Like the other day in the car. I decided to help him memorize some multiplication facts with little hints on how to get the answer. For example, 9x9 is like 9+9 only in reverse, and 5x5 is a quarter. It's not conventional, but it seems to be working. Soon he won't even need to remember my hints, he will just know the answer off the top of his head and I cannot wait for that day to get here.

He really is a smart kid, he just likes to push my buttons and he is a procrastinator like his mama. There are days that I just cannot handle him. He likes to rush through his work and get it all wrong because he either didn't read the directions or didn't stop to think long enough because he thinks the faster he does it, the faster he will be done. He is learning quickly that doing it right the first time will get him done faster and after a little incident with compound subjects and predicates this morning, he dove right into his math without me having to remind him.

Speaking of grammar, he has flown through that workbook. He only has a couple more subjects to learn from it and then I will have to figure out a test for him to take based on the material. I think once we cover everything in the workbook I am going to focus on his writing skills. He doesn't particularly care for his writing prompts but you can definitely see an improvement with his grammar within his writing. It will be a good way to keep up on grammar daily and to help him with his writing.

On the flip side of writing, is reading, which we haven't been doing much of. We are a family of readers, for the most part, but we just can't fit it into our day as much as I would like. I was just browsing Amazon earlier today for more workbooks and I found a reading comprehension workbook, along with a reading test workbook, that I think will be perfect for him. It keeps it short and sweet but he definitely picks up on the lessons he needs to be learning. I'm also considering diving into a bit of geography too which we can turn into research projects since he has been asking when he can do a project. It's not really my strong suit, but I've managed so far.

This homeschool thing is a lot more rewarding than I had anticipated. I was worried I wouldn't be able to teach him what he needed to learn but so far it seems to be going well. It is still early in our first year and he has yet to take the state assessment to see if he has learned anything from this homeschooling adventure but I am pretty confident that he will, at the very least, pass. I am nervous about the geometry portion which we have not started in our workbook yet, but thankfully I have the internet to help when I need it.

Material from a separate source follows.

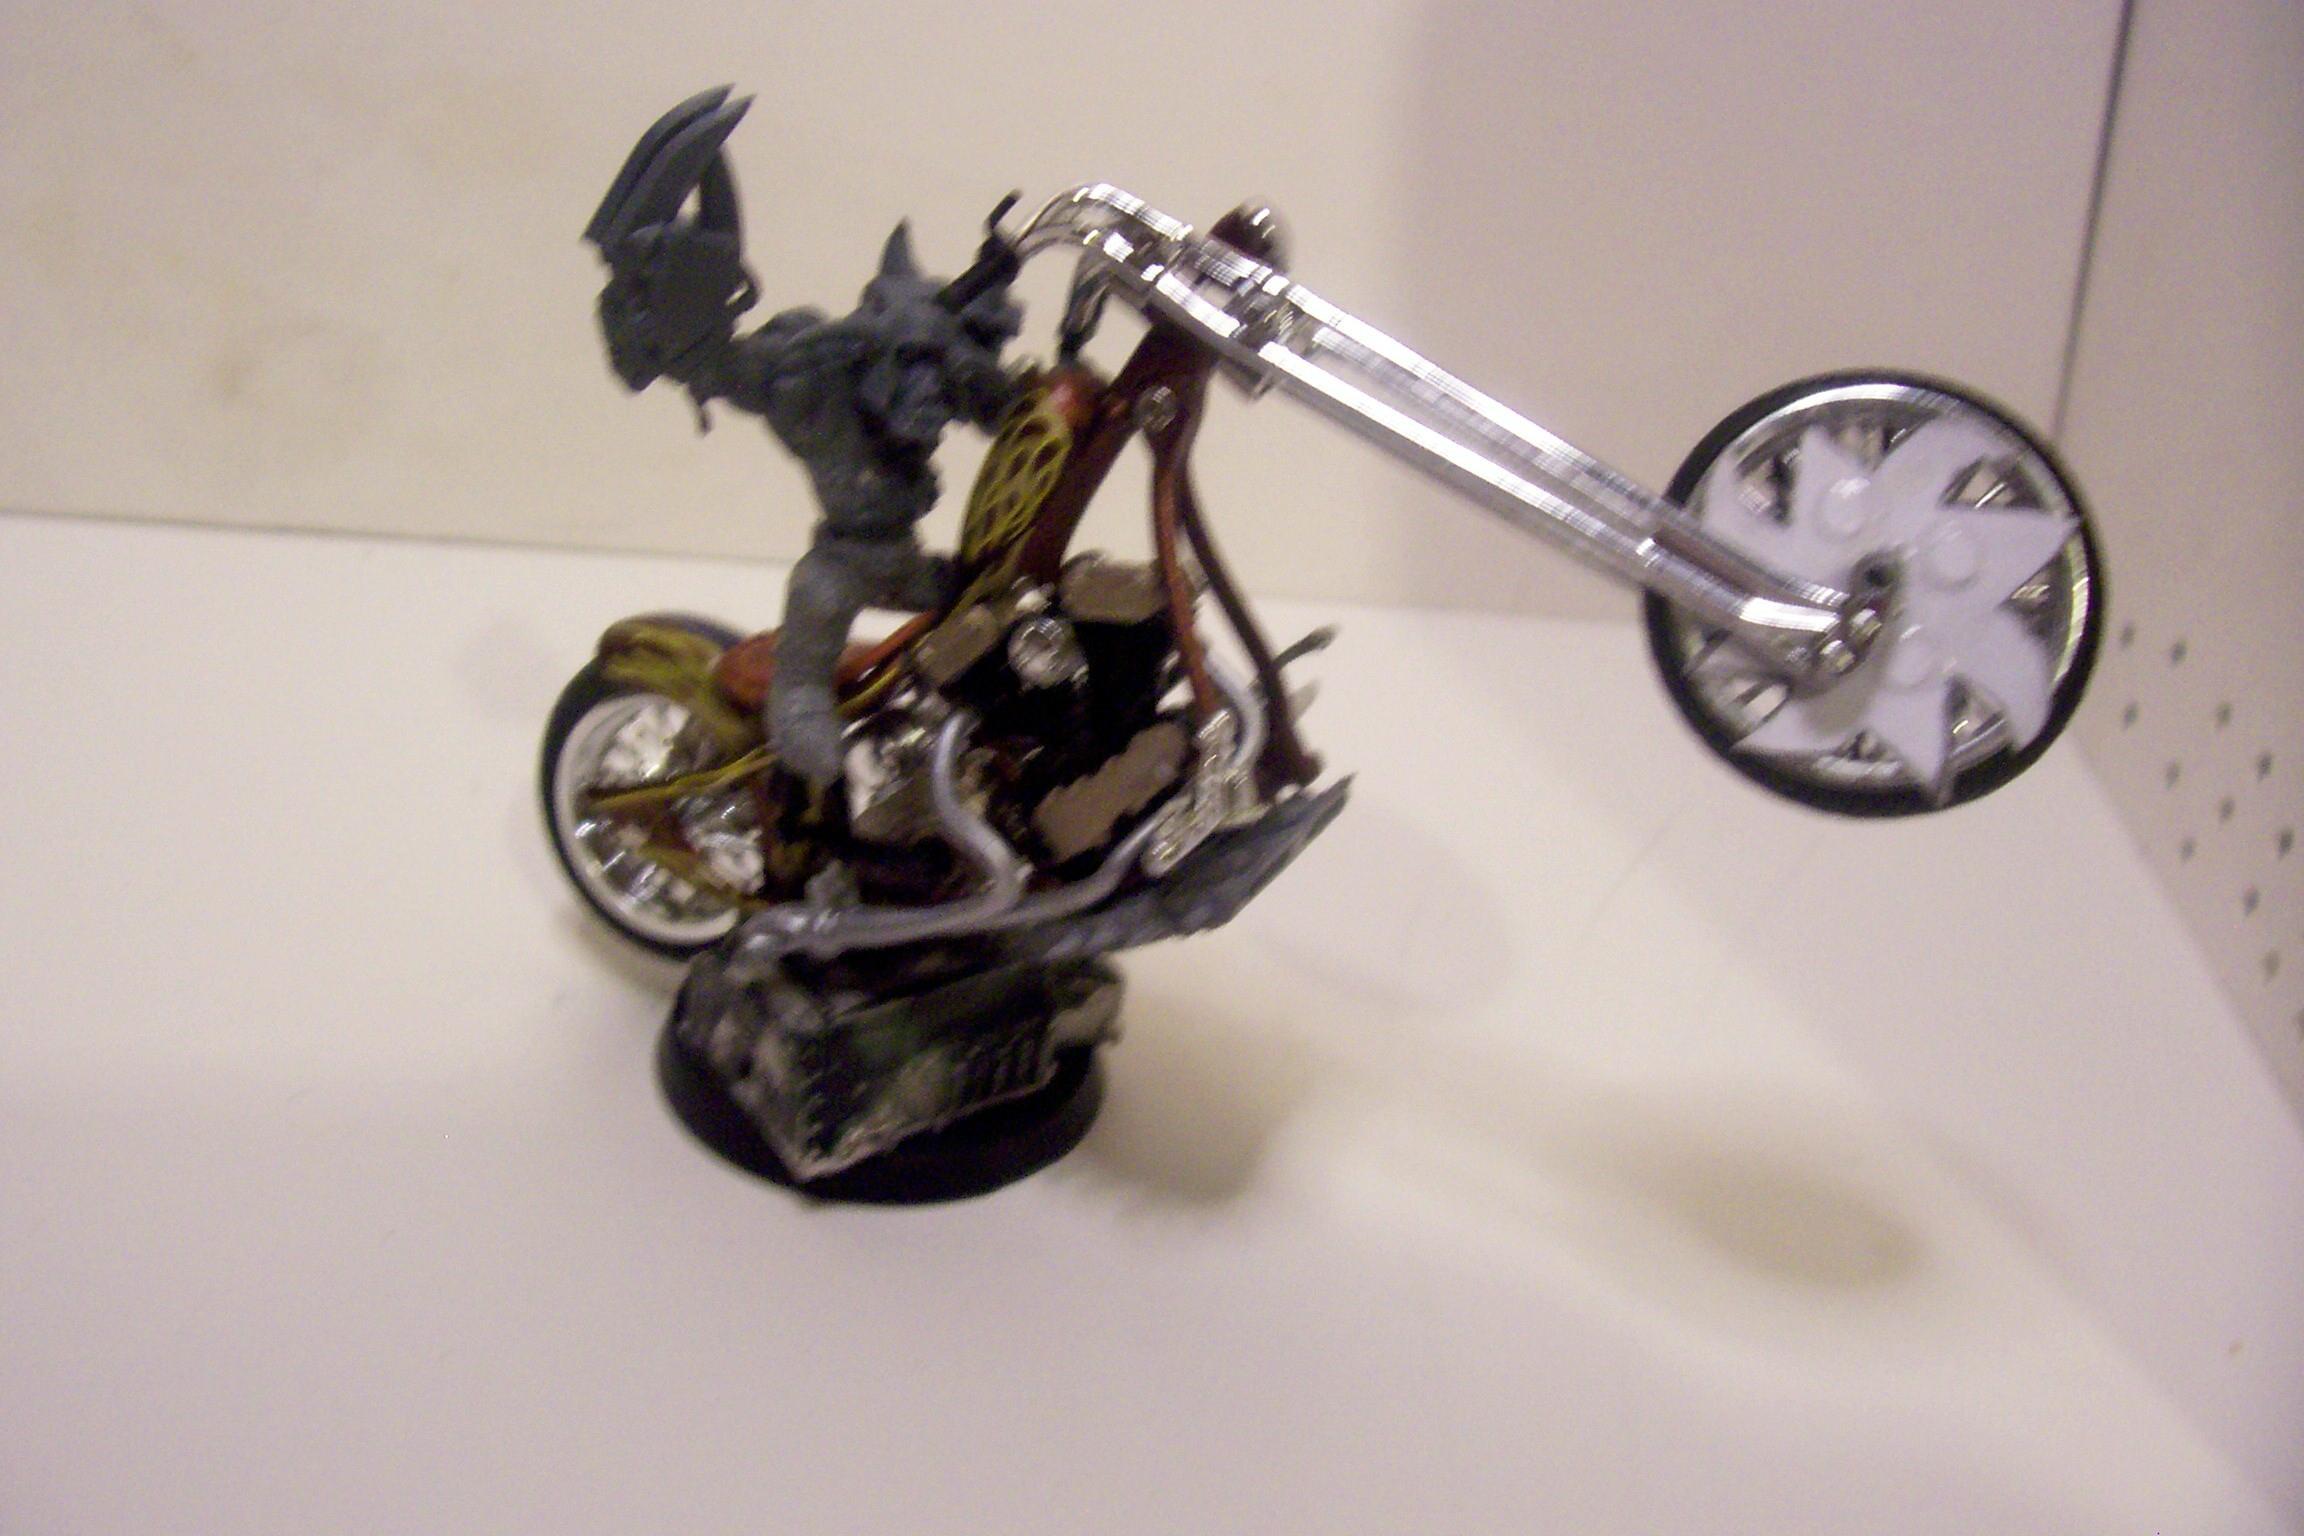 Bike, Conversion, Orks, Toy, Warboss, Warhammer 40,000, Work In Progress

I plan to send him back to public school next year because, while I think they learn a good deal being homeschooled, I firmly believe in the public education system. There is something to be said for the social aspect. He needs to learn how to listen to a teacher that stands at the front of the room. He needs to learn how to sit still in a chair while someone else is talking. He needs to learn how to hold a conversation with his peers. He needs to learn how to take notes on a subject to be able to study later. There are things at school that he just won't get in the home setting. I know there are ways to teach them these things, all while being homeschooled, but I think the public education system is important for so many reasons. Not to mention, I don't know if I could continue doing this as he gets older. Already I feel like I don't have the chance to get anything done and I am back with a child at home 24/7. My youngest went off to school two years ago and it was so nice being able to get things done during the day because once the kids get home from school it's Grand Central Station. On top of needing that time to recoup and take care of my regular mom and wife duties, I don't think I could effectively teach what they need to know past an elementary level. Some days third grade material gets me, like predicates... what the hell is a predicate?! LOL But I manage, and he learns, and while I am not the perfect teacher, I am a resourceful one and I continue to amaze myself with the things I am capable of doing.

It will be bittersweet when this adventure comes to an end, but being an Army wife, I know adventures have an expiration date. For this one, I am aiming for September. But also like the Army, nothing is for sure until it is actually happening.